══ Raw data
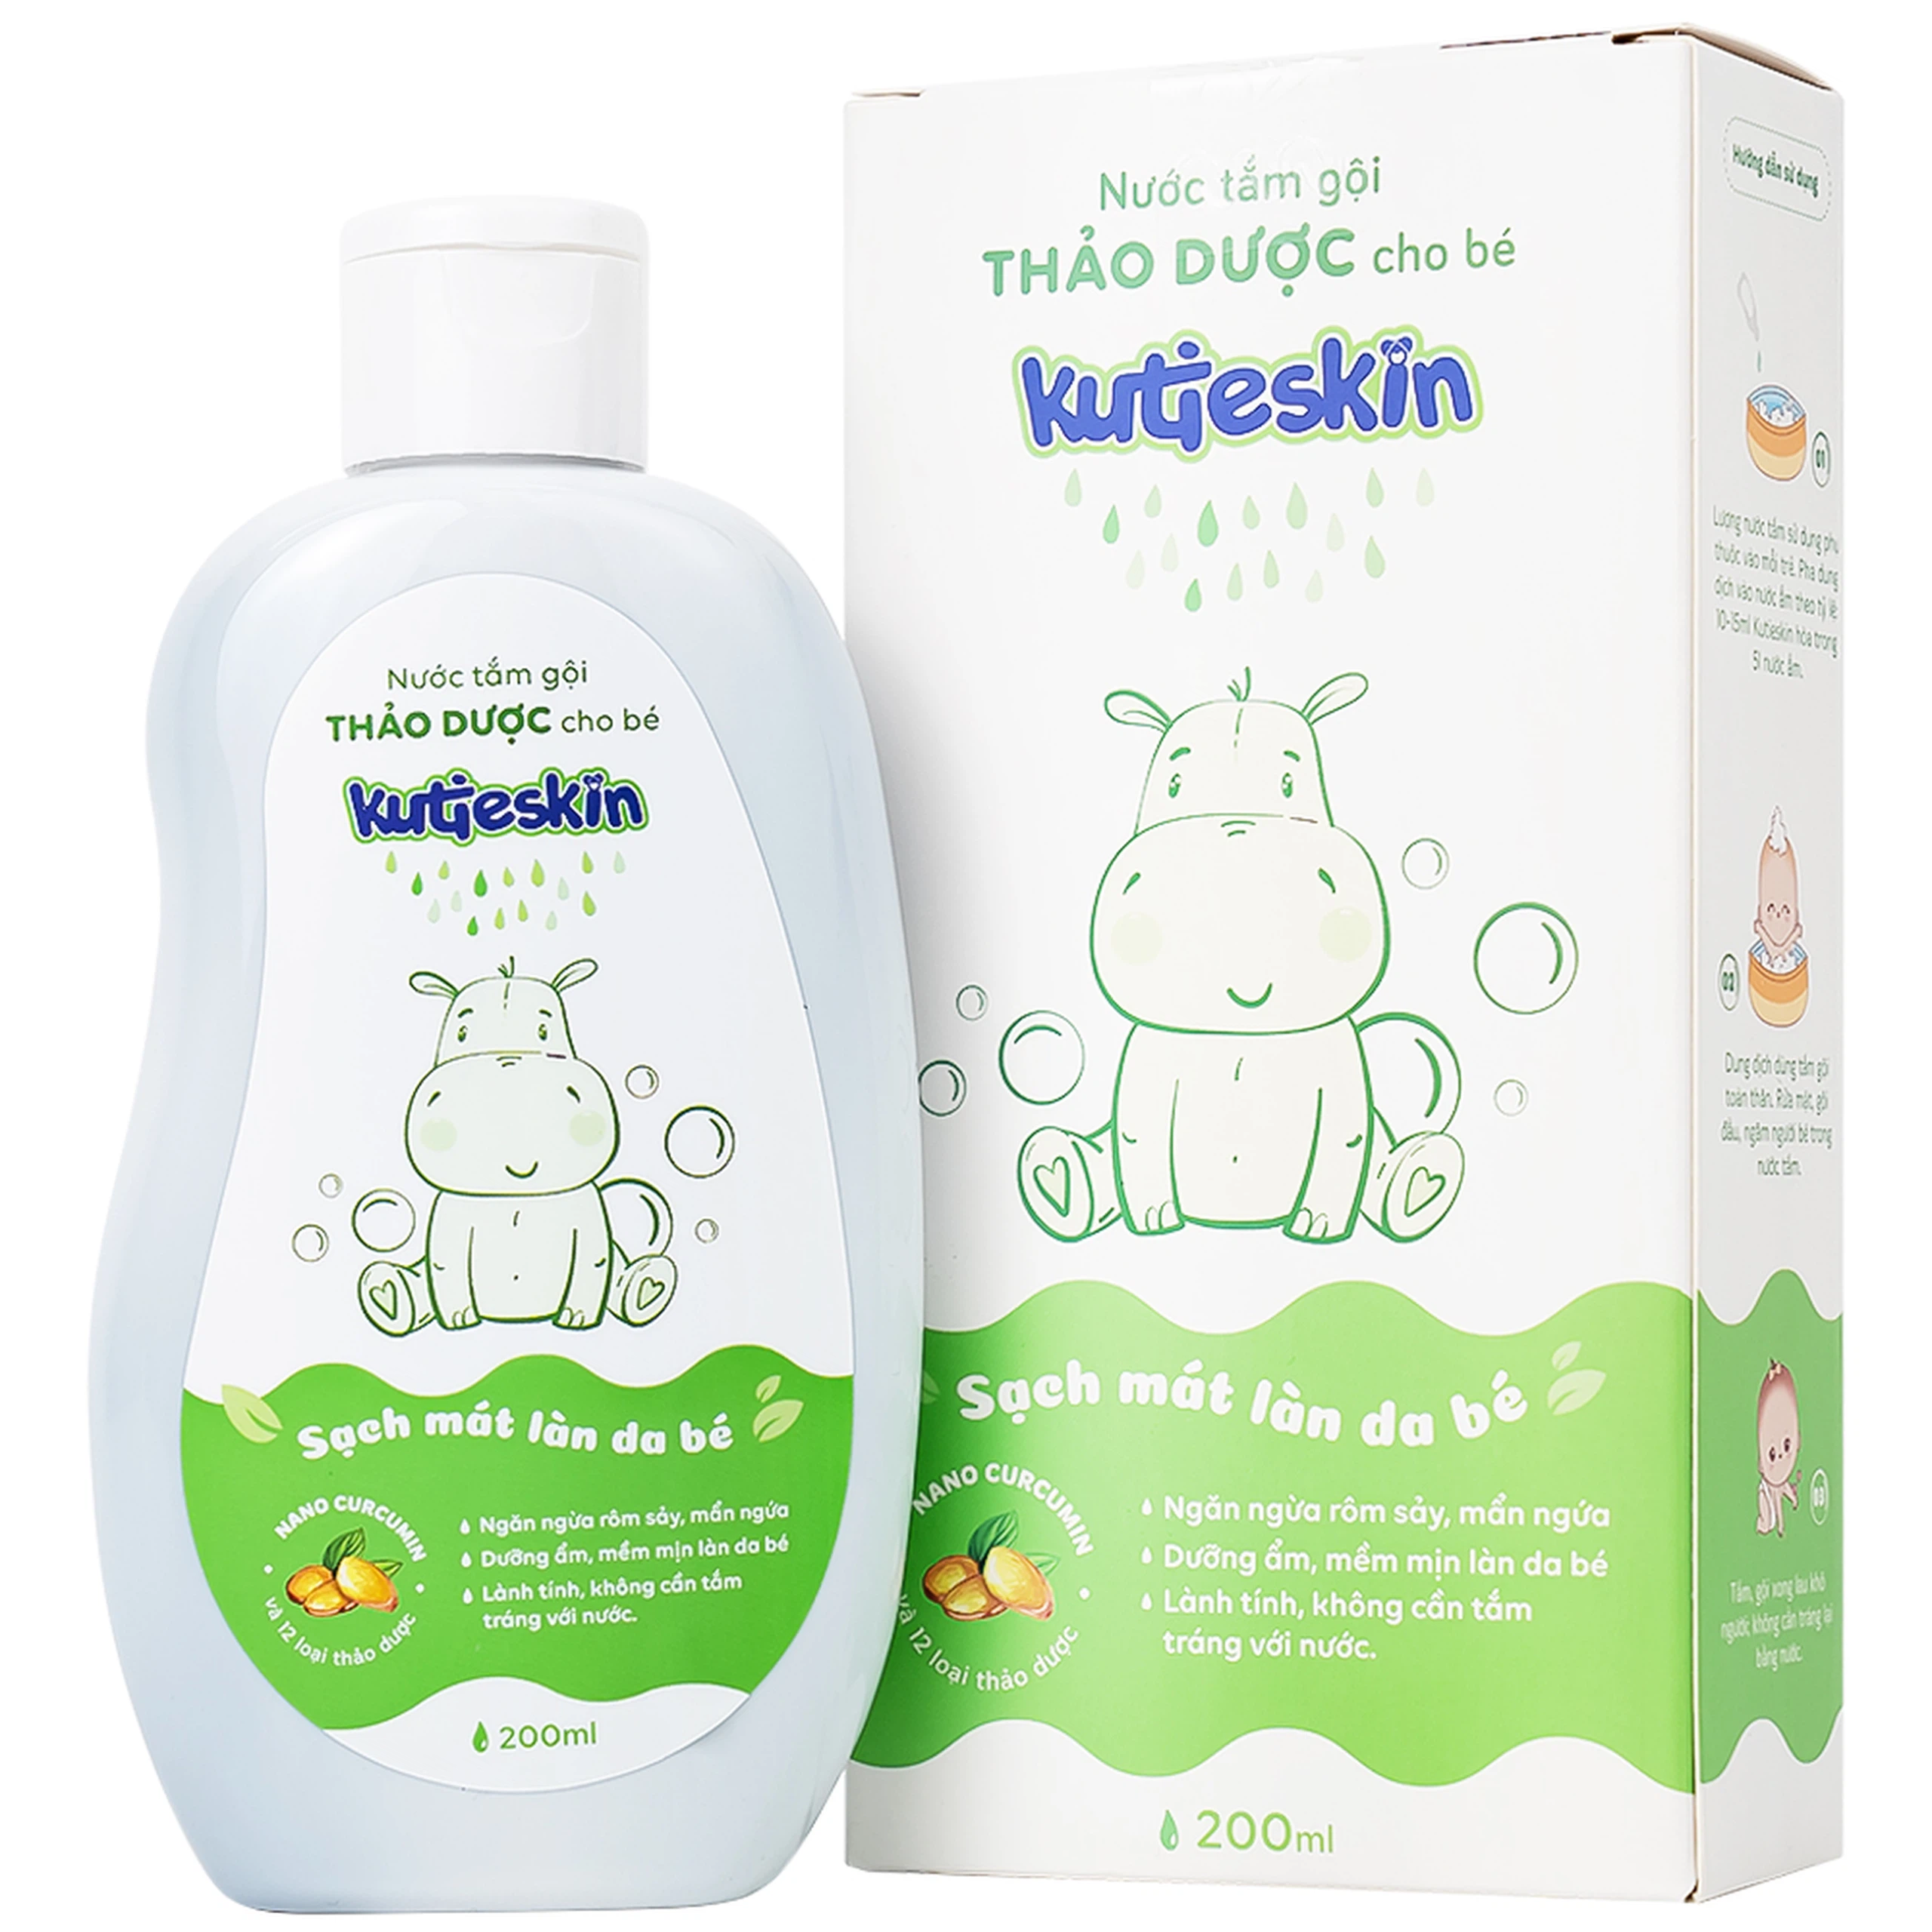 Nước tắm gội Thảo Dược cho bé Kutieskin CVI ngăn ngừa rôm sảy, mẩn ngứa, giúp dưỡng ẩm da bé (200ml)
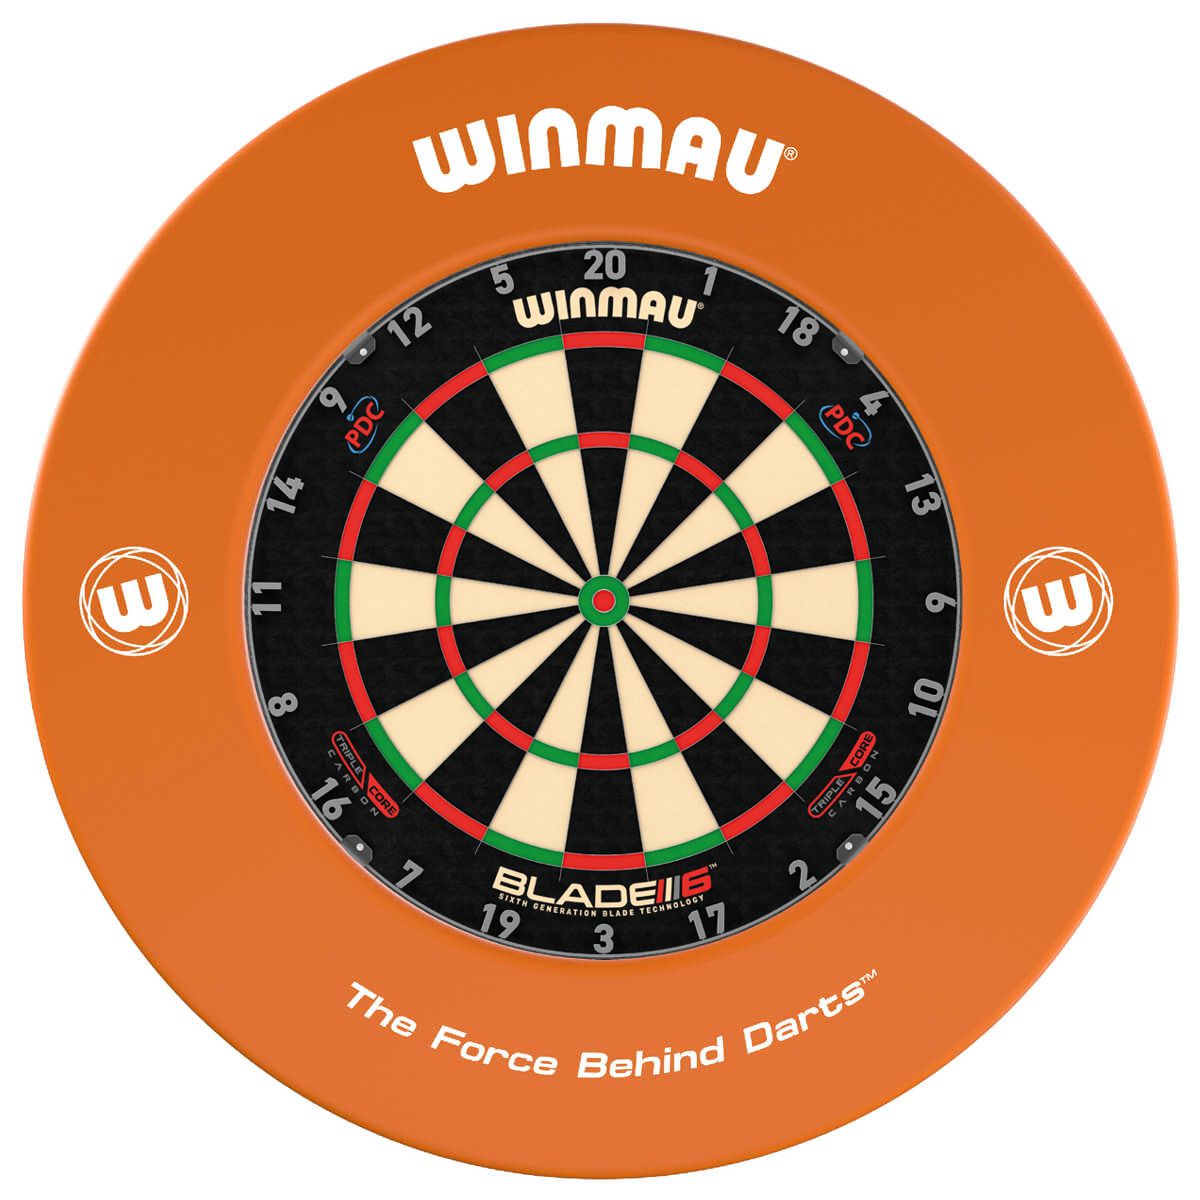 Winmau Surround Orange mit Logos
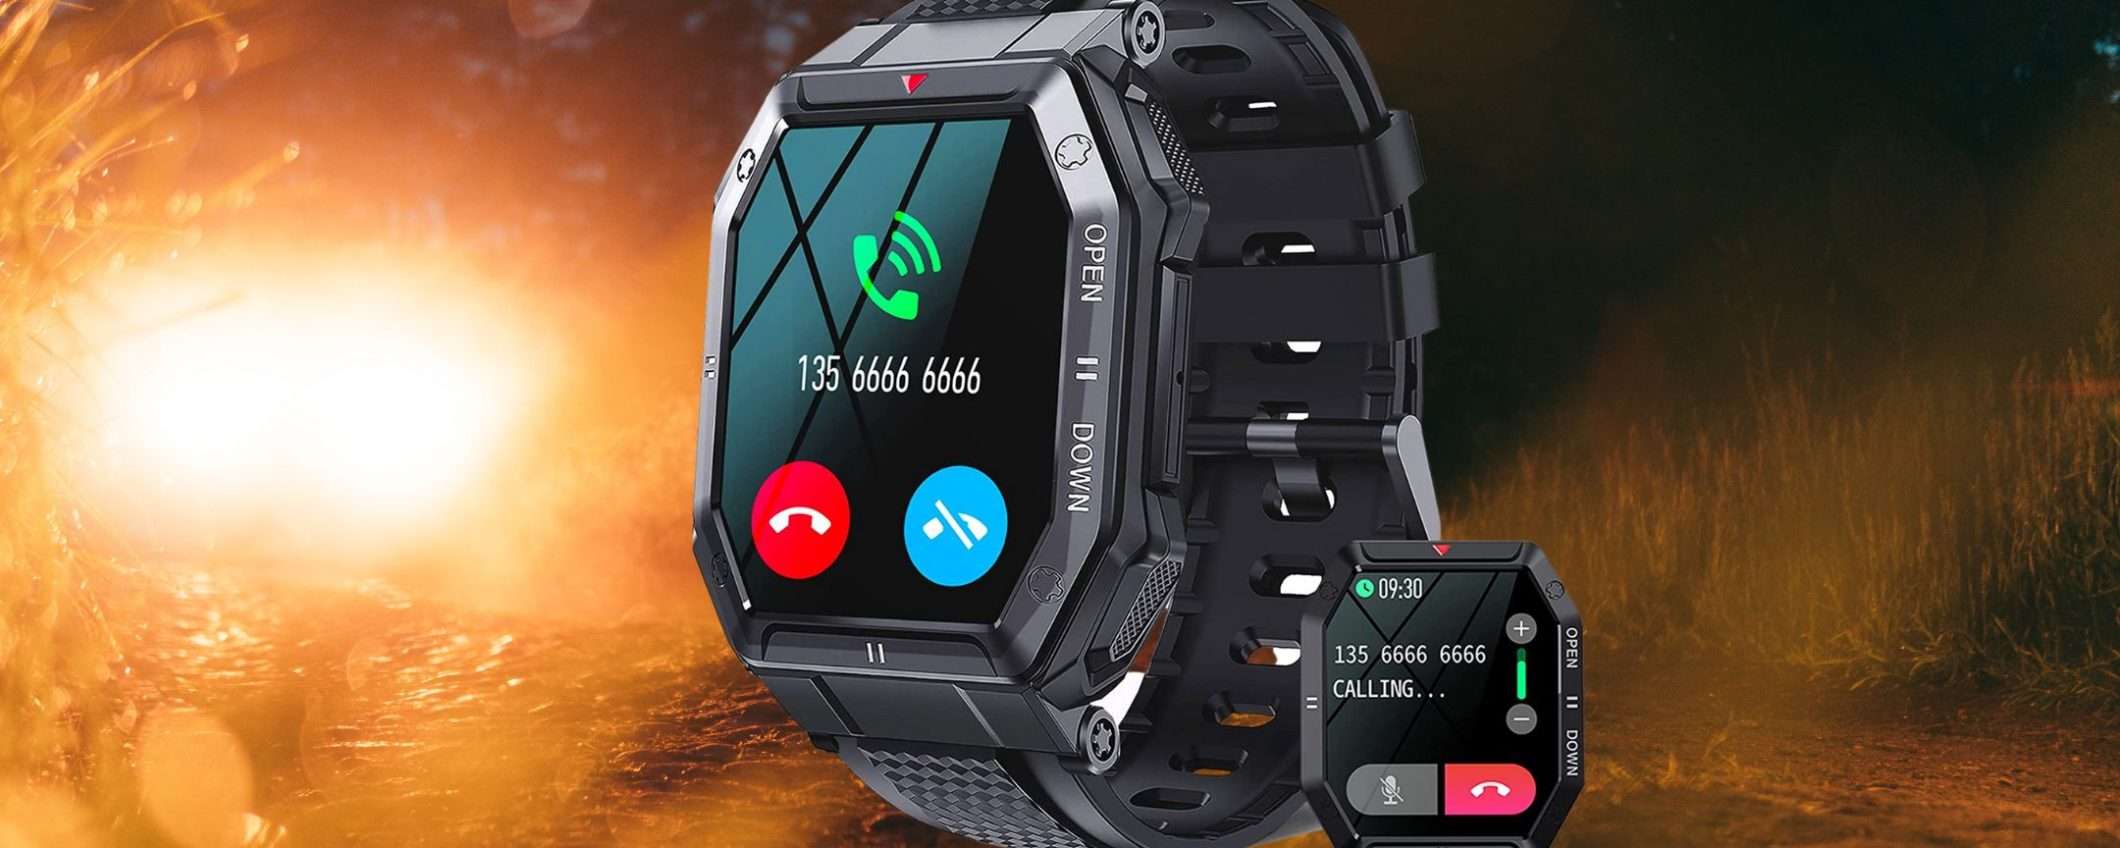 Smartwatch robusto e militare: su Amazon in offerta lampo a meno di 40€
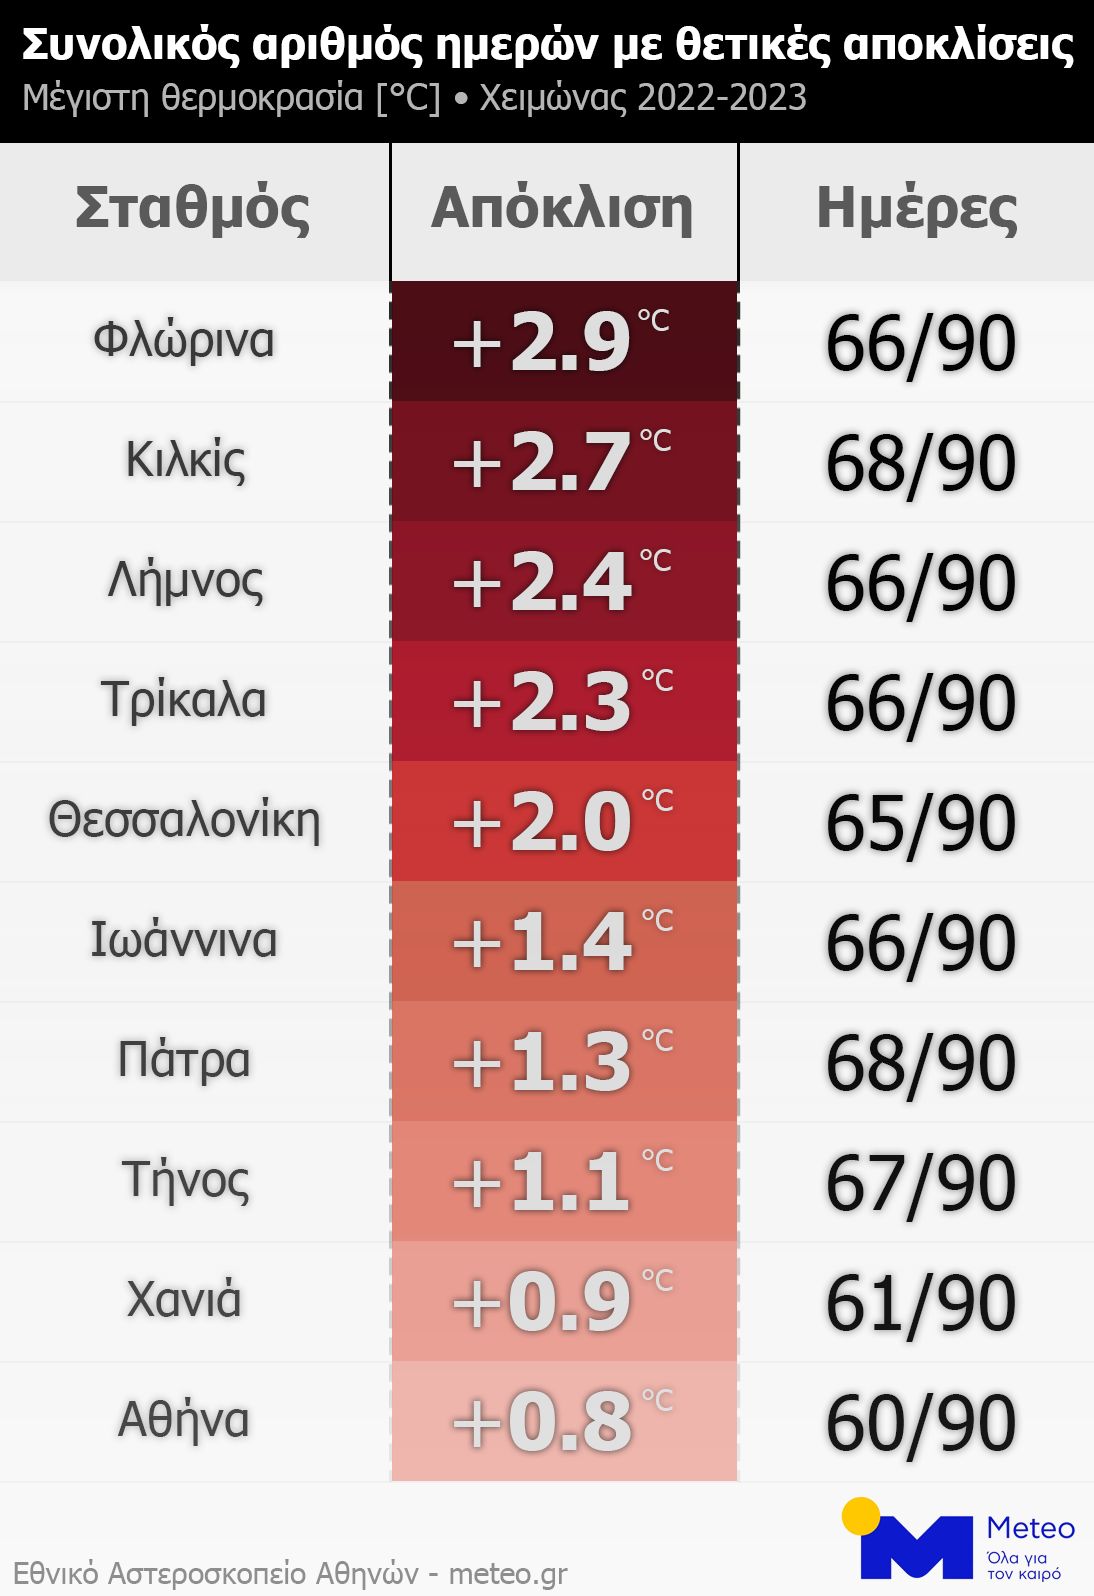 Σε πολύ υψηλά επίπεδα η θερμοκρασία τον φετινό χειμώνα στην Ελλάδα-2
════
(Exercise objective) Retype the data word for word and keep the pictures out of it.

(Response)
 Nước tắm gội Thảo Dược cho bé Kutieskin CVI ngăn ngừa rôm sảy, mẩn ngứa, giúp dưỡng ẩm da bé (200ml)
 Winmau Surround Orange mit Logos
 Smartwatch robusto e militare: su Amazon in offerta lampo a meno di 40€
 Σε πολύ υψηλά επίπεδα η θερμοκρασία τον φετινό χειμώνα στην Ελλάδα-2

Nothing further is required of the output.